• **WORK TO BE COMPLETED**
An exact copy of all the data is the expected answer.

PROVIDED RECORDS Block Start

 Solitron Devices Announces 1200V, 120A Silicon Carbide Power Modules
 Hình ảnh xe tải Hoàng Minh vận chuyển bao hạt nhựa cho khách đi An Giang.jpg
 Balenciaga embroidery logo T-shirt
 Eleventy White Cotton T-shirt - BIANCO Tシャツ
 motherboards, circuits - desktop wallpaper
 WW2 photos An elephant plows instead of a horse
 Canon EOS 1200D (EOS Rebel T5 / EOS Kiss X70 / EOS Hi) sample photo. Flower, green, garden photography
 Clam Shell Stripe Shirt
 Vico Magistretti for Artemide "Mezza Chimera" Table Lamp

PROVIDED RECORDS Block End

• **EXERCISE SOLUTION**
 Solitron Devices Announces 1200V, 120A Silicon Carbide Power Modules
 Hình ảnh xe tải Hoàng Minh vận chuyển bao hạt nhựa cho khách đi An Giang.jpg
 Balenciaga embroidery logo T-shirt
 Eleventy White Cotton T-shirt - BIANCO Tシャツ
 motherboards, circuits - desktop wallpaper
 WW2 photos An elephant plows instead of a horse
 Canon EOS 1200D (EOS Rebel T5 / EOS Kiss X70 / EOS Hi) sample photo. Flower, green, garden photography
 Clam Shell Stripe Shirt
 Vico Magistretti for Artemide "Mezza Chimera" Table Lamp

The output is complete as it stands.